Sunday, October 21, 2012

The Plight of the Newspaper (and Preparing for the Future)

A couple of years ago, I was speaking at a conference and someone from the audience asked me what I believed to be the biggest marketing challenge of the next five years. I answered with the death of the newspaper, which surprised many, who thought I would point to declining subscription bases or overall drops in arts participation.  We had just experienced the death of four major newspapers – the Seattle Post Intelligencer, the Rocky Mountain News, the Tucson Citizen and the Christian Science Monitor – at a time when most non-profit arts organizations had important symbiotic relationships with their hometown newspapers.  

So let me pause to ask – if your newspaper were to go out of business today, how would that impact your organization?  

And here’s why I am asking. According to the Newspaper Association of America (NAA):

·        Total print advertising has dropped from $47.4 billion in 2005 to $20.6 billion in 2011 – the lowest print advertising has been since 1983 (not factoring for inflation).
·        In 2011, the total daily circulation of all the newspapers in the United States was 44.4 million, the lowest on record since 1940.
·        Citing a 2010 Scarborough report for adults 18+, 47% of the U.S. population 35 years and older read an average issue of a daily newspaper in comparison to only 26% of the population under 35.

According to The Pew Research Center, since 2003, the Internet has been on par or more popular than newspapers as a news source, and currently just 21% of young adults report newspapers as their primary source of news. As the Internet has become increasingly popular as a news source, newspapers have invested tremendous amounts of resources in building their online presence, but here’s the problem – for every $1 gained in online advertising, newspapers lost $10 in print advertising in 2011. And the reason? In print advertising, newspapers are dominate, but online, they compete in a very crowded marketplace, where Google and Facebook combined will share just under 30% of total online display advertising revenue in 2012.  

Using the statistics provided online by the NAA, in 2005 1,452 daily newspapers shared $47.4 billion in print advertising for an average of $32.6 million in print advertising per daily paper. Six years later, 1,382 daily newspapers shared $20.6 billion in print advertising for an average of $14.9 million in print advertising per daily paper.  

In six years, the average daily newspaper lost more than 50% of its print advertising revenue, placing in jeopardy the entire business model of most newspapers and leading to drastic changes. Newspapers around the nation are slashing their newsrooms, laying off veteran reporters and in the best case scenarios, replacing them with freelance reporters with little experience. In worst cases, they aren’t replaced at all.  Just recently the theater world received news that veteran Philadelphia Inquirer arts writer and critic Howard Shapiro, after 42 years with the paper, was reassigned to cover South New Jersey in what seemed like an attempt to make him miserable enough to leave. And it looks like it worked.

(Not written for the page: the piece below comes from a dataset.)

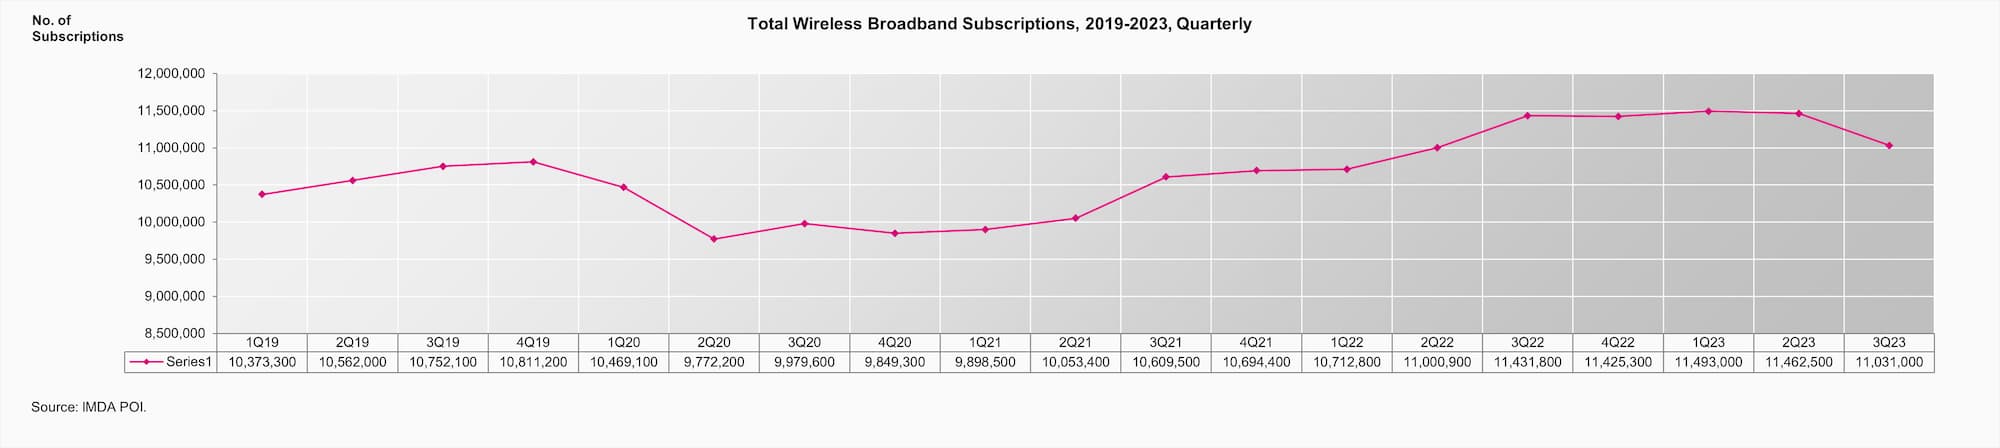 Q3 Total Wireless Broadband Subscriptions
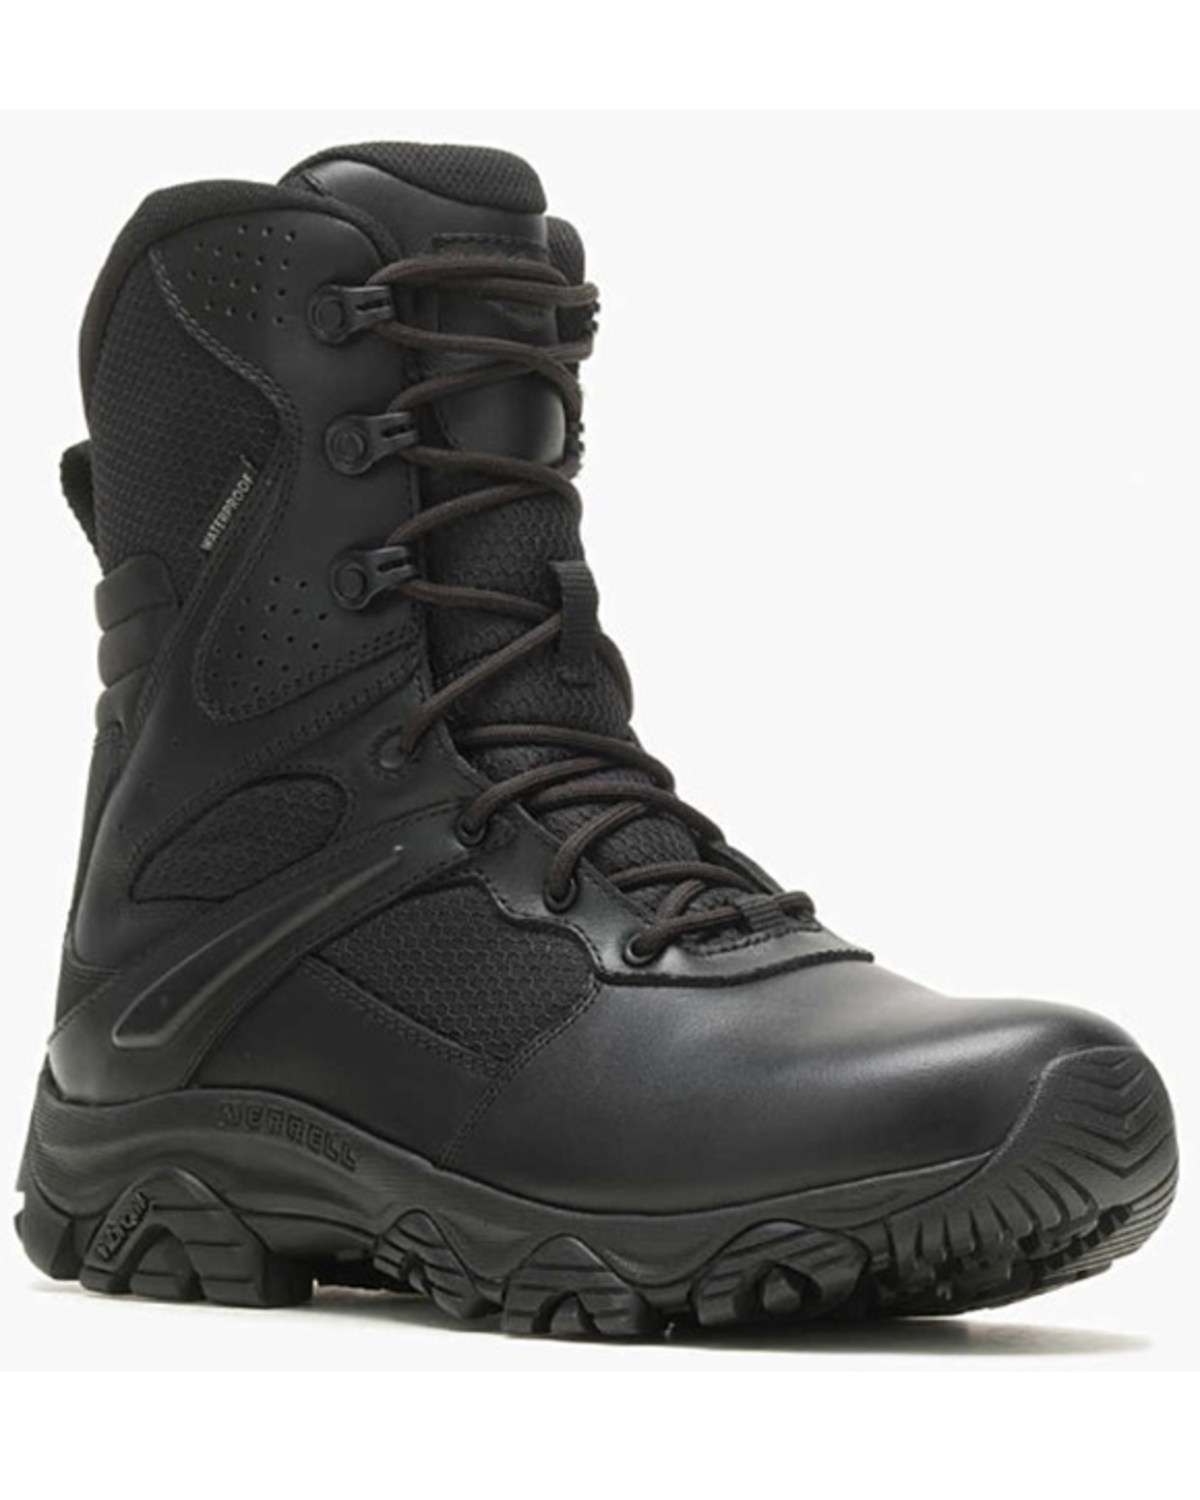 Merrell Men's Moab 3 8" Tactical Response Zip Waterproof Boots - Round Toe

With fewer reporters and less experience, not only has coverage decreased, but quality has diminished as well.  Many of us shook our heads when a small online magazine named Pasadena Now hired two writers in India to cover local events but just recently we’ve learned of Journatic, a company that outsources journalism to the Philippines for US newspapers.  Others have transitioned from primary reporting to aggregating content from other news sources and then providing commentary on the aggregated material. When I was at the Smithsonian, one such company drew inaccurate conclusions by providing editorial on aggregated stories. When I called to tell them of the inaccuracies and offer to set up interviews so they could report on the story directly, the freelance writer told me they didn’t pay him enough to do any original reporting. Unfortunately for us, other outlets picked up his story.  I understand cutting as much fat as possible from budgets during tough economic times, but at some point, there isn’t any fat left, and what remains is only muscle. Cutting further sacrifices your ability to deliver an excellent product, which is why I advise arts organizations to avoid cutting investments in the artistic product itself if at all possible when making budget adjustments.  By sacrificing quality, I’m afraid newspapers could be pouring gas on an already blazing fire.  

Every great arts city has a great newspaper. Every great theater town, a well respected critic. If your city is affected by cuts to arts coverage, let your voice be heard. Activate your bases. Support outlets with extensive arts coverage with your advertising dollars. That said, I advise non-profit arts organizations to prepare themselves for the possibility that their local newspaper could go out of business.  Cultivate relationships with bloggers, social media mavens and other influentials in your community. Develop online communities where your audiences can speak to one another. Produce and distribute original content yourself. Diversify your advertising strategies. Budget resources to grow your database. Hopefully these efforts will be for naught, but if the day comes that your local newspaper declares bankruptcy, you’ll be better prepared.